ASSIGNMENT
Look below for the line that contains "CrysLife CrysLife 01 108", then copy it and each following line exactly, through and including the line that contains "Luftbild des Las".

RECORDS FOR THIS TASK
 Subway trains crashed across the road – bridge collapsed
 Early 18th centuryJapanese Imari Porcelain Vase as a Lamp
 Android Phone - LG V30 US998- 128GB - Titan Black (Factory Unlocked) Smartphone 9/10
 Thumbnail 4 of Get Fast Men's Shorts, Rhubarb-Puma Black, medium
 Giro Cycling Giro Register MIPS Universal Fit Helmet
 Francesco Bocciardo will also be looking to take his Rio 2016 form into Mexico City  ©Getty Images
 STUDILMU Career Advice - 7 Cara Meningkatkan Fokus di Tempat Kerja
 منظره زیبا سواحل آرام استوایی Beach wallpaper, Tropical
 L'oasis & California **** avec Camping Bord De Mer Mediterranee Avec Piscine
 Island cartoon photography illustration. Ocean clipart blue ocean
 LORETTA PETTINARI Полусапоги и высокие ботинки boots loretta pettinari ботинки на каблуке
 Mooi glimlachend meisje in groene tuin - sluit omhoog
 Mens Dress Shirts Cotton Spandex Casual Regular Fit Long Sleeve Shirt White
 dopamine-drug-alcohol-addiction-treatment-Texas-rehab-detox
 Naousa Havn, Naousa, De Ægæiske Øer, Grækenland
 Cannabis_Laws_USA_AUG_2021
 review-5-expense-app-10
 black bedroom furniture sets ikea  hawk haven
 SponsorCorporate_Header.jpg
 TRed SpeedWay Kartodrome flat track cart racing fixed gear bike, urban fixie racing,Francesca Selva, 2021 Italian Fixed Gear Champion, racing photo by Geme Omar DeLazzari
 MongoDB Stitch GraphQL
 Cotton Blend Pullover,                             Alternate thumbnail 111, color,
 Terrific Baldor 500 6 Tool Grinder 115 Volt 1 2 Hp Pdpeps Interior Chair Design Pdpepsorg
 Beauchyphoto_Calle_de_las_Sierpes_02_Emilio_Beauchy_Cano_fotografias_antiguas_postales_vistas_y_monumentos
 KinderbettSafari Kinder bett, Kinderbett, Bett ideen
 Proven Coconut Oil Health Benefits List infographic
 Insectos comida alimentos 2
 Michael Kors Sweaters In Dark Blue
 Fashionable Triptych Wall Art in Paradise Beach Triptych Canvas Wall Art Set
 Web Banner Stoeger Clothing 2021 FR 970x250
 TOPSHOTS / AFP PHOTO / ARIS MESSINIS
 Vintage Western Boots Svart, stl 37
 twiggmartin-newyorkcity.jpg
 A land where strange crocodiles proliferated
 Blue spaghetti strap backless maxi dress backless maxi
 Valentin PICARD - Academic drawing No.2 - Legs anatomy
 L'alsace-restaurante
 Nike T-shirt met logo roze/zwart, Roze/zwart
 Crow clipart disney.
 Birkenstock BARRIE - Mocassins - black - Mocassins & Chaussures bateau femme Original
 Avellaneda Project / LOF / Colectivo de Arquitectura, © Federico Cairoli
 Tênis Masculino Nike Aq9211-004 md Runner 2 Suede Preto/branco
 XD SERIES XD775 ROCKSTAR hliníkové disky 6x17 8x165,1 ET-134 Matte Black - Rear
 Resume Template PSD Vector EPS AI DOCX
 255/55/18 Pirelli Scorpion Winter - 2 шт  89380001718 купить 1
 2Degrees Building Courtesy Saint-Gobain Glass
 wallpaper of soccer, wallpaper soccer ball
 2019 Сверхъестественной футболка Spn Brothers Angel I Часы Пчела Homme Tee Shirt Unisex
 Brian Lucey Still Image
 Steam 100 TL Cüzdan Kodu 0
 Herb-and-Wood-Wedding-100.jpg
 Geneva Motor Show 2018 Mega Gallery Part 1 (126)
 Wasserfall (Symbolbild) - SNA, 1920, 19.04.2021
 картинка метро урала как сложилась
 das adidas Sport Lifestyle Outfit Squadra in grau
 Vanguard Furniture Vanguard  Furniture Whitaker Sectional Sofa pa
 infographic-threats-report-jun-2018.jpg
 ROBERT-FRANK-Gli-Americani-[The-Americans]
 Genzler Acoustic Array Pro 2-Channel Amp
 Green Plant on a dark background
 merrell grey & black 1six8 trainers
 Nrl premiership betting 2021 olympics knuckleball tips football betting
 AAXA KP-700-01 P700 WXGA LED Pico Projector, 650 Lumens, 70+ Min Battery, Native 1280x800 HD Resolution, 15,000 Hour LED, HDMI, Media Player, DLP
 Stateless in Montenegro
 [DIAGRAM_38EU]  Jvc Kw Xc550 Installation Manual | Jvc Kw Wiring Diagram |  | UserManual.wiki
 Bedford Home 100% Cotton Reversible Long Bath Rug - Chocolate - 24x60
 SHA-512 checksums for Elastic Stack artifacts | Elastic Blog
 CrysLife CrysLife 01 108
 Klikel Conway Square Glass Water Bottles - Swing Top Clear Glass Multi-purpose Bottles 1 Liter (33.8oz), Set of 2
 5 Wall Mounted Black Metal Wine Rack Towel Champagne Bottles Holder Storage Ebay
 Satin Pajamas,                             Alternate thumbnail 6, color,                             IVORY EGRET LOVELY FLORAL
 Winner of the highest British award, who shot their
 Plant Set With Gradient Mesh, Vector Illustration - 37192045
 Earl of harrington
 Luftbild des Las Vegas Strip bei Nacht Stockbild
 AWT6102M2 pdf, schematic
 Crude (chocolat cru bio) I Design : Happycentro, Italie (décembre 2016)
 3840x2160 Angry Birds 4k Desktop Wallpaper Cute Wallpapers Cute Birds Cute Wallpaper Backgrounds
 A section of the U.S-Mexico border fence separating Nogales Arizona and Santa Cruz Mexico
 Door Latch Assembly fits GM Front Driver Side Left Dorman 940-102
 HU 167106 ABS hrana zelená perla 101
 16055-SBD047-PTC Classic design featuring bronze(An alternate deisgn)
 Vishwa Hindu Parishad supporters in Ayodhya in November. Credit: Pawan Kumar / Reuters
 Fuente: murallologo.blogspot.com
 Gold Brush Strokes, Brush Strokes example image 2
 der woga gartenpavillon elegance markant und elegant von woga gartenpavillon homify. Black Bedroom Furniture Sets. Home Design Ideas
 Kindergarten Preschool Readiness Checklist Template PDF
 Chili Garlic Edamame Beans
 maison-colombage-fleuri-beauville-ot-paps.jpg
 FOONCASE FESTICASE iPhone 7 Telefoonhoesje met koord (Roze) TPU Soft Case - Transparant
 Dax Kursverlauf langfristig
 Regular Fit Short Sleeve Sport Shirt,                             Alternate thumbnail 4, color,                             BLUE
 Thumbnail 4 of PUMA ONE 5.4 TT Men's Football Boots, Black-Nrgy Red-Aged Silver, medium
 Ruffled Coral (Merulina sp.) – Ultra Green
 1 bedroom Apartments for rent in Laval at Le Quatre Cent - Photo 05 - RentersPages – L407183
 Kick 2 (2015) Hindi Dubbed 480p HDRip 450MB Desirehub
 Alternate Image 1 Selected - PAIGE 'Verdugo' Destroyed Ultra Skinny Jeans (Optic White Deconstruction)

REPLY TO THE TASK
 CrysLife CrysLife 01 108
 Klikel Conway Square Glass Water Bottles - Swing Top Clear Glass Multi-purpose Bottles 1 Liter (33.8oz), Set of 2
 5 Wall Mounted Black Metal Wine Rack Towel Champagne Bottles Holder Storage Ebay
 Satin Pajamas,                             Alternate thumbnail 6, color,                             IVORY EGRET LOVELY FLORAL
 Winner of the highest British award, who shot their
 Plant Set With Gradient Mesh, Vector Illustration - 37192045
 Earl of harrington
 Luftbild des Las Vegas Strip bei Nacht Stockbild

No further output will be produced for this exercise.